Tracking Gloria Allred from her earliest years to the current day, directors Roberta Grossman and Sophie Sartain offer an intimate picture of a woman of great passion in SEEING ALLRED. As a young single mother teaching in Los Angeles' Watts district, having been the victim of an assault herself, Allred returned to law school so that she could become an advocate. Using newsreel footage along with interviews with clients, peers, and notable legal minds, the directors draw an outline of their subject. Then, to fill it in, they focus on extensive conversations and singular events with Allred herself. She's seen beside a bevy of victims of sexual assault as they accuse celebrity predators, relentlessly fighting to remove statutes of limitations for victims, and literally holding up those who speak out despite their vulnerability. Aware of detractors who question her motives and her methods, Allred simply moves forward, exposing those with ugly secrets, championing the near-voiceless, and willing herself to make a difference.

Is it any good?

Controversial because of who she is and those she represents and opposes, Gloria Allred is a dynamic subject at a critical moment for a film about women's ongoing battle against historic injustices. Allred has a multitude of fans and just as many critics. Significantly, according to this movie, her clients and those for whom she has worked on a pro bono basis laud her contributions and her support. While not ignoring those who malign her as "pushy," or "in it for the money" or "the glory," the filmmakers attempt to give an in-depth picture of her place in the last half century of significant legal struggles. And, given the breadth of the influence she's wielded, their assessment is positive.

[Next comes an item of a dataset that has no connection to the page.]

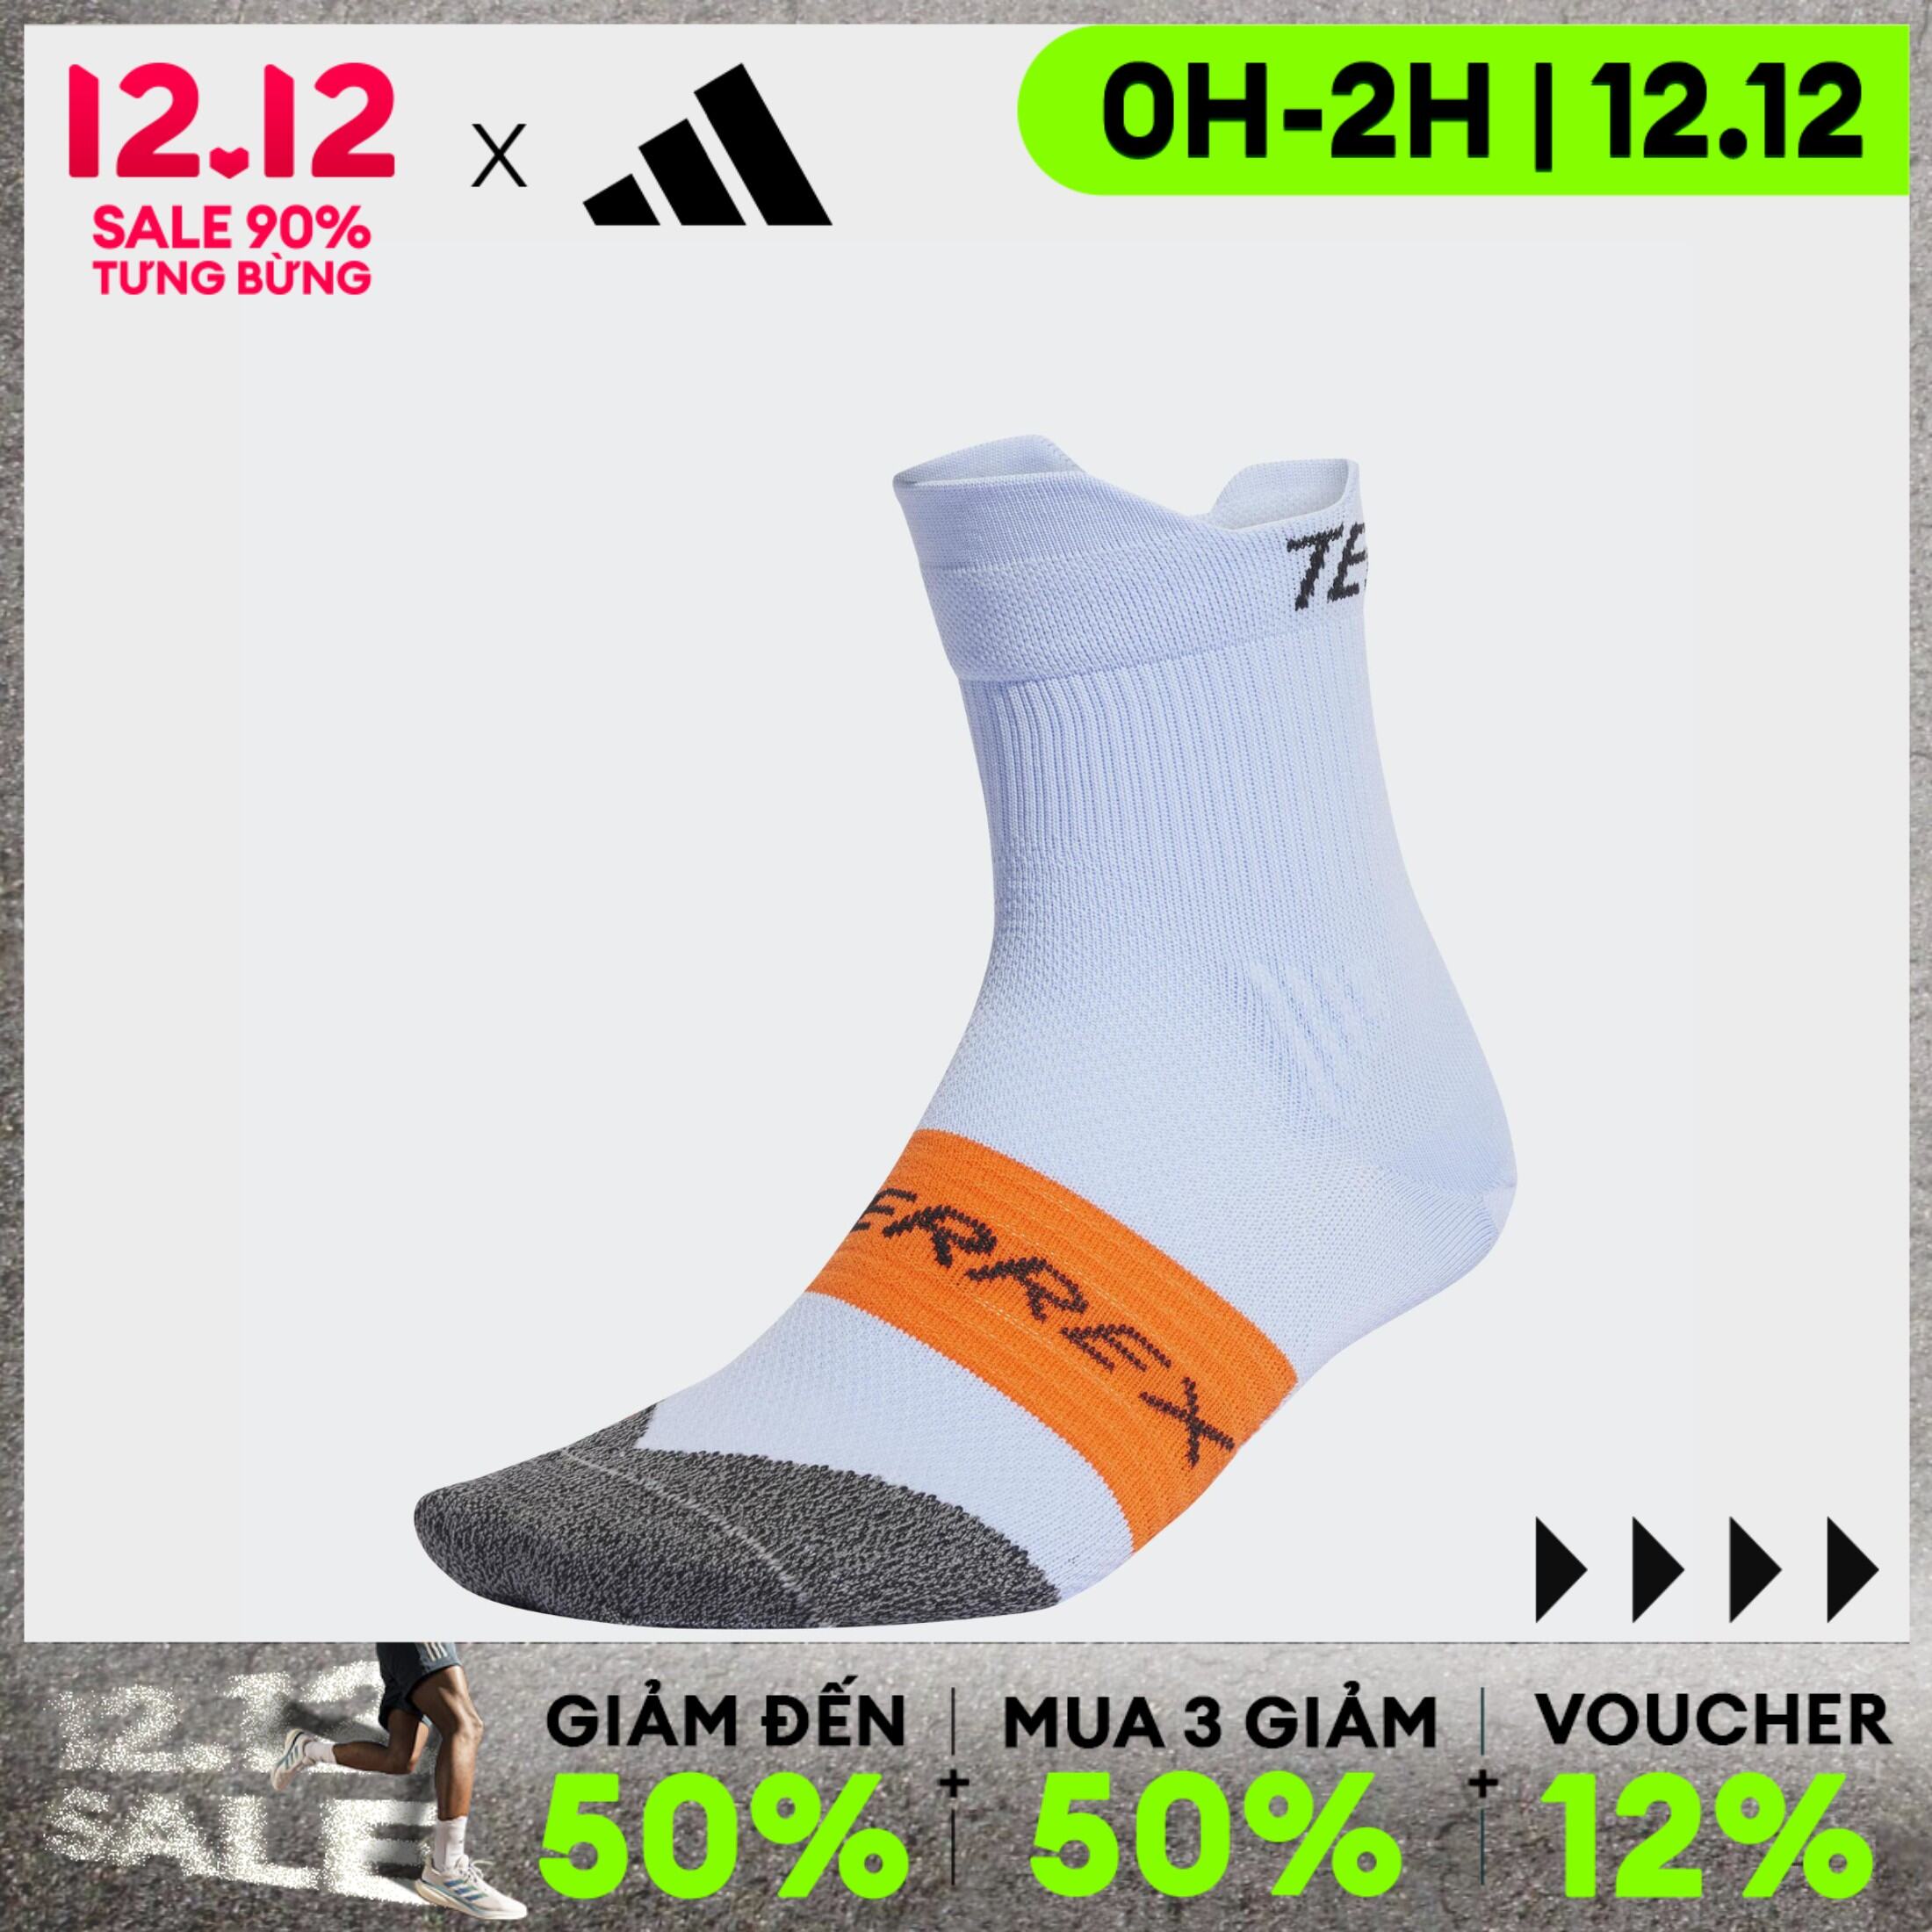 CHỈ 0H 12.12 - MUA 3 GIẢM 50% adidas Trail Running Tất Cổ Cao Chạy Trail

Seeing Allred is well-structured, moving back and forth over decades to show how consistent this advocate has been, how prescient in some cases. Fighting a store chain for labeling sections of their stores "Toys for Boys" and "Toys for Girls" was laughed at in 1979, but would be imperative in the 21st century. A telling moment occurs when Allred is being verbally attacked by a heckler who is literally in her face. Though one can see that the lawyer is deeply affected by the assault, she stands her ground. A fitting documentary for a woman who is willing to defray the costs of being mocked in order to foster change.

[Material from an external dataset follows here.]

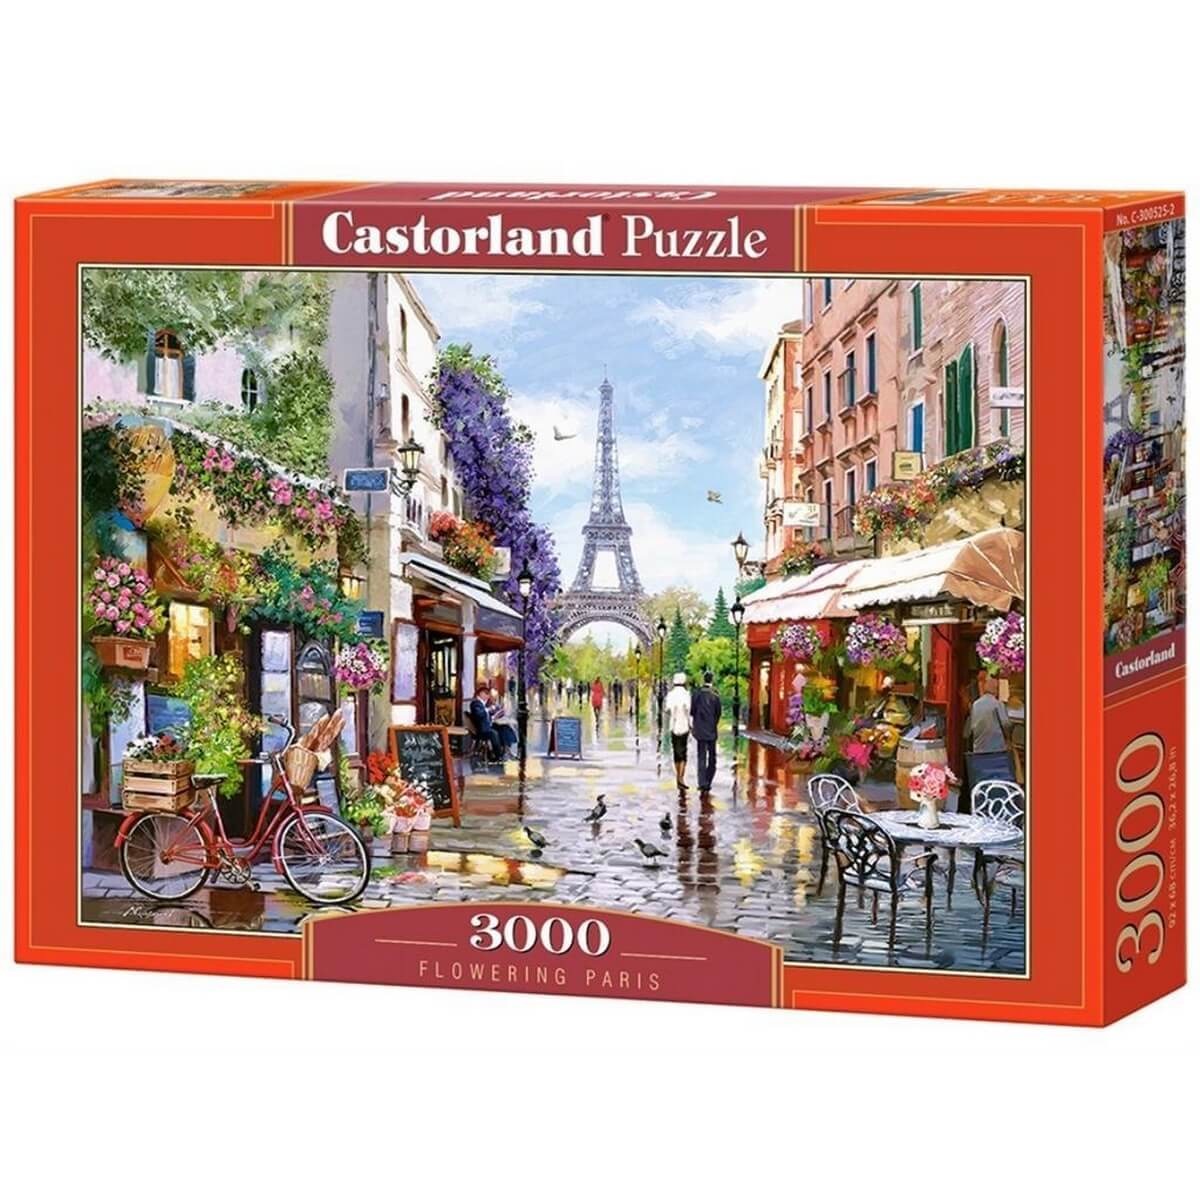 Puzzle 4000 pièces : Carnaval de Rio - Castorland - Rue des Puzzles

Talk to your kids about ...

  • Families can talk about the various goals of filmmaking: to inform, entertain, or persuade. What's the primary purpose of Seeing Allred? Why is it important to understand the filmmakers' purpose?

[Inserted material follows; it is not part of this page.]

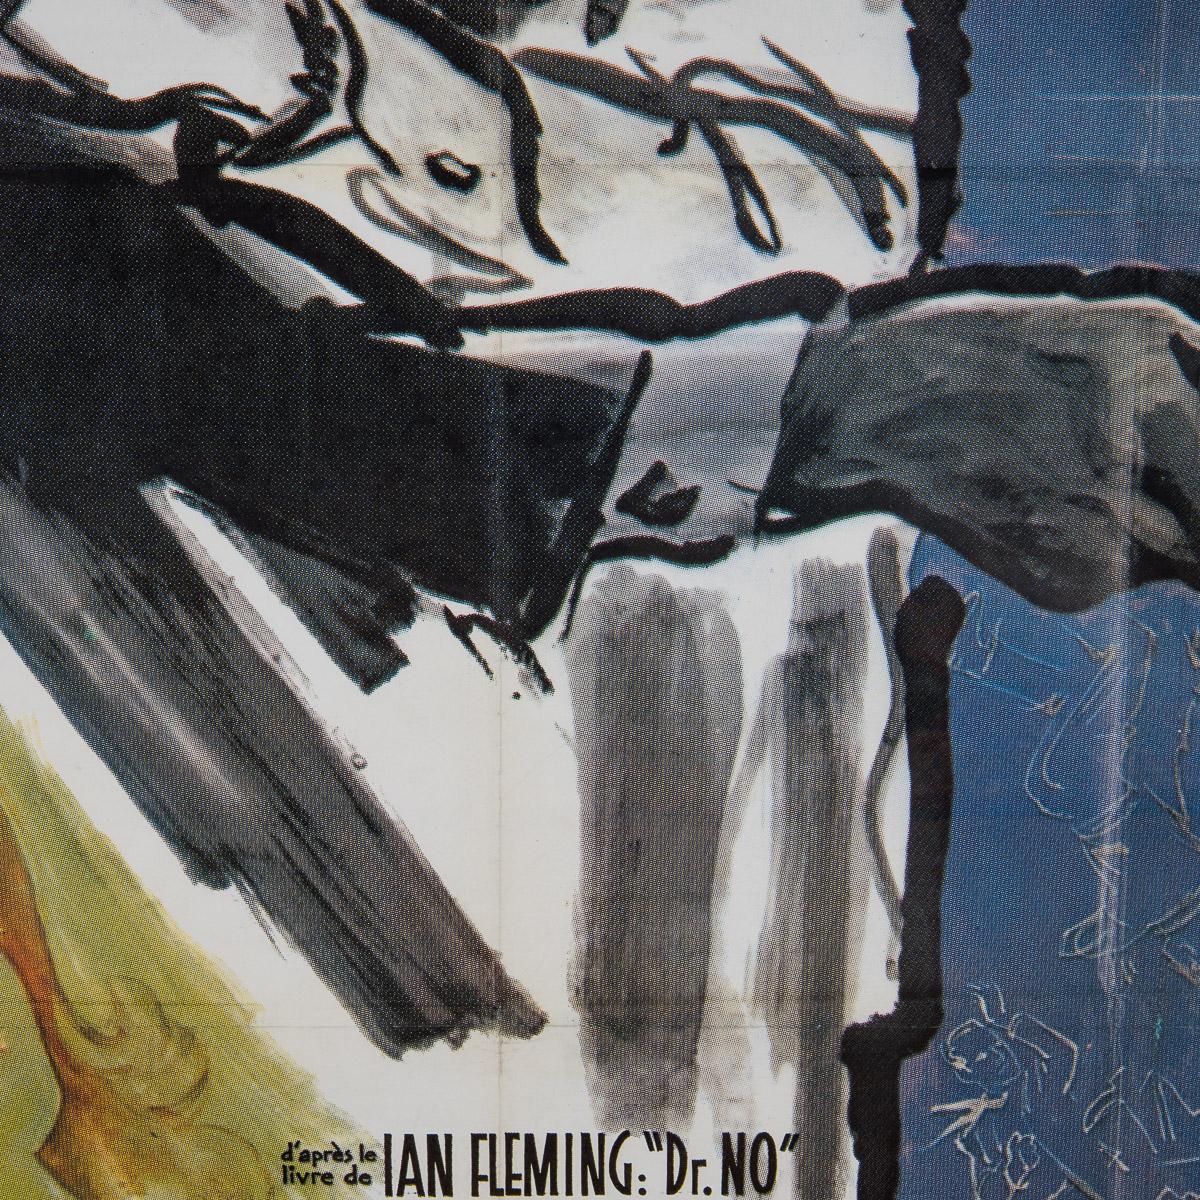 Original French Grande Release James Bond 007 Dr. NO Poster, c.1962 For Sale 7

  • The film covers more than 50 years in the history of women's legal issues. What has changed since Allred began her battle against injustice and discrimination? What hasn't changed? 

  • Directors Grossman and Sartain have incorporated many negative comments and opinions of Allred and her work, though overall it presents a positive picture. Do you think all together it's a balanced view? Why or why not? Where would you go to find out more about Gloria Allred?

  •  What character strengths does this documentary reinforce?